On January 19, 2017, it was announced that Amazon Prime Video had given a green-light to a television series adaptation of the novel to be co-produced with the BBC in the United Kingdom. Executive producers were set to include Gaiman, Caroline Skinner, Chris Sussman, Rob Wilkins, and Rod Brown. Gaiman was also set to adapt the novel for the screen and serve as showrunner for the series. Production companies involved with the series were slated to consist of BBC Studios, Narrativia, and The Blank Corporation. Distribution of the series was to be handled by BBC Worldwide.

On June 29, 2021, the series was renewed for a second season consisting of six episodes.

Casting

On August 14, 2017, it was announced that Michael Sheen and David Tennant had been cast in the lead roles of Aziraphale and Crowley, respectively. On September 14, 2017, Gaiman revealed on Twitter that Nina Sosanya, Ned Dennehy, and Ariyon Bakare had joined the main cast. A day later, Jack Whitehall, Michael McKean, Miranda Richardson, and Adria Arjona were announced as series regulars. A week after that, Sam Taylor Buck, Amma Ris, Ilan Galkoff, Alfie Taylor, Daniel Mays, and Sian Brooke were also cast. In October 2017, it was reported that Jon Hamm, Anna Maxwell Martin, Mireille Enos, Lourdes Faberes, and Yusuf Gatewood had joined the main cast. In November 2017, it was reported that Reece Shearsmith and Nicholas Parsons had also been cast. On 15 December 2017 it was reported that Derek Jacobi would voice the Metatron.

On 9 February 2018 it was announced that Steve Pemberton and Mark Gatiss had joined the series. On 6 March 2018, it was announced that Nick Offerman had been cast in a series regular role. On 20 July 2018, it was announced during Amazon's San Diego Comic-Con panel that Frances McDormand had been cast as the voice of God as well as the series' narrator. On 13 February 2019, Neil Gaiman announced that Benedict Cumberbatch would voice Satan with the character itself being a CGI creation.

Filming
The 109 days of principal photography for the series took place over a six-month period beginning September 18, 2017 and ending in early March 2018.  Shooting began throughout the UK with subsequent filming taking place in and around Cape Town, South Africa. In October 2017, the production was spotted filming in Surrey. The series also filmed in St James's Park and Tavistock Square in London and Hambleden.  The Soho area of London representing the street and Aziraphale's bookshop was created and shot in Hertfordshire at Bovingdon Airbase.  A vacant building in Weybridge, Surrey served as Heaven's corporate headquarters, and Hogback Wood, the location for Adam and his friends, was also filmed in Surrey. Bulstrode Park, just outside Gerrards Cross in Buckinghamshire, with its mansion and grounds, was used for the satanic convent/hospital and later the corporate training center. The American Army base was located and filmed in Upper Heyford, in Oxfordshire. The Weald and Downland Living Museum in West Sussex was used to film Agnes Nutter's burning at the stake. It was shot over a two-day period in October 2017.

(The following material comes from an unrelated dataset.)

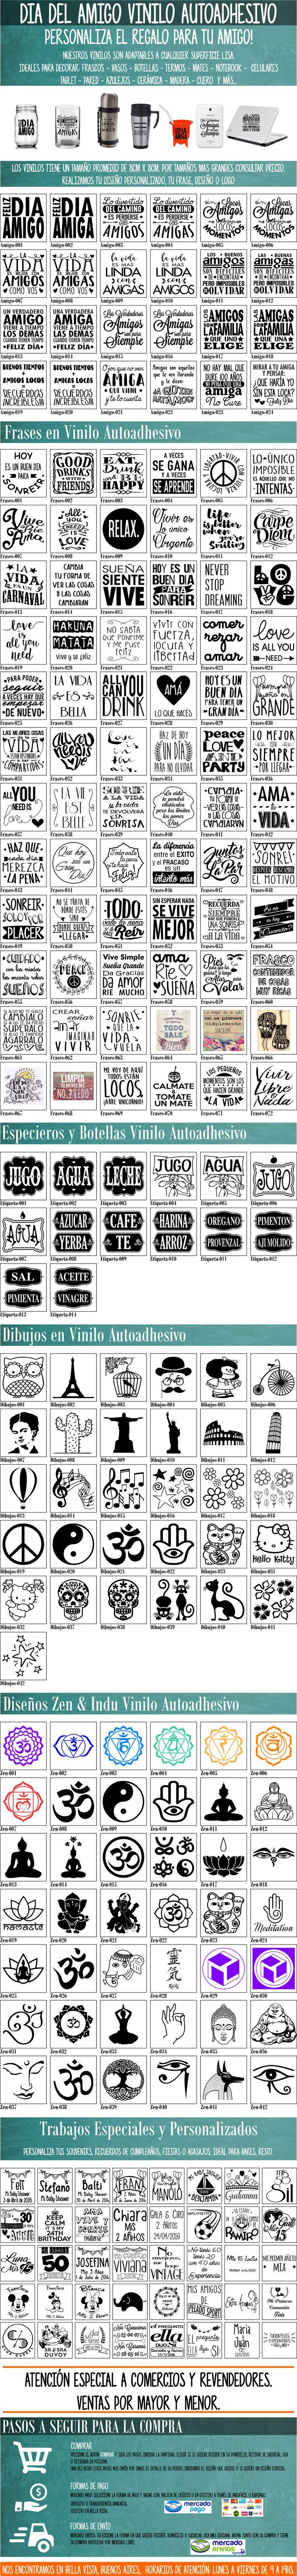 Dia Del Amigo-vinilo-autoadhesivo-frasco-frases-personalizad - $ 10,00

The car in the novel is a 1926 Bentley, but neither Gaiman nor Pratchett really knew what a 1926 model looked like when they wrote Good Omens. For the television series, a 1933 model which had more of the look Gaiman had in mind was used.  The Bentley used in filming is valued at £250,000.
The second season began filming in later 2021 in Scotland.

Title sequence

Good Omens opening title sequence, created by the London-based Peter Anderson Studio, features music by David Arnold. When Douglas Mackinnon approached Anderson about the title sequence, Mackinnon said that he wanted something "over the top". His idea was to communicate the coming of Armageddon while also showing the humor and "fantastical tone", Crowley and Aziraphale's friendship, and the idea that good and evil are in everyone. The project was a new style of design by Anderson and his studio, and a unique design for a television series. Anderson described the result as "a totally bonkers mishmash of all animation styles in a way where they feel as if they belong together".

The actual production used physical props, animation, illustration, 3D and some live-action motion, to depict the approaching apocalypse and clash between Heaven and Hell. Studio employees were filmed in costume, on green screen; they were then cut out and animations were created. Each of the characters has either Crowley's or Aziraphale's face.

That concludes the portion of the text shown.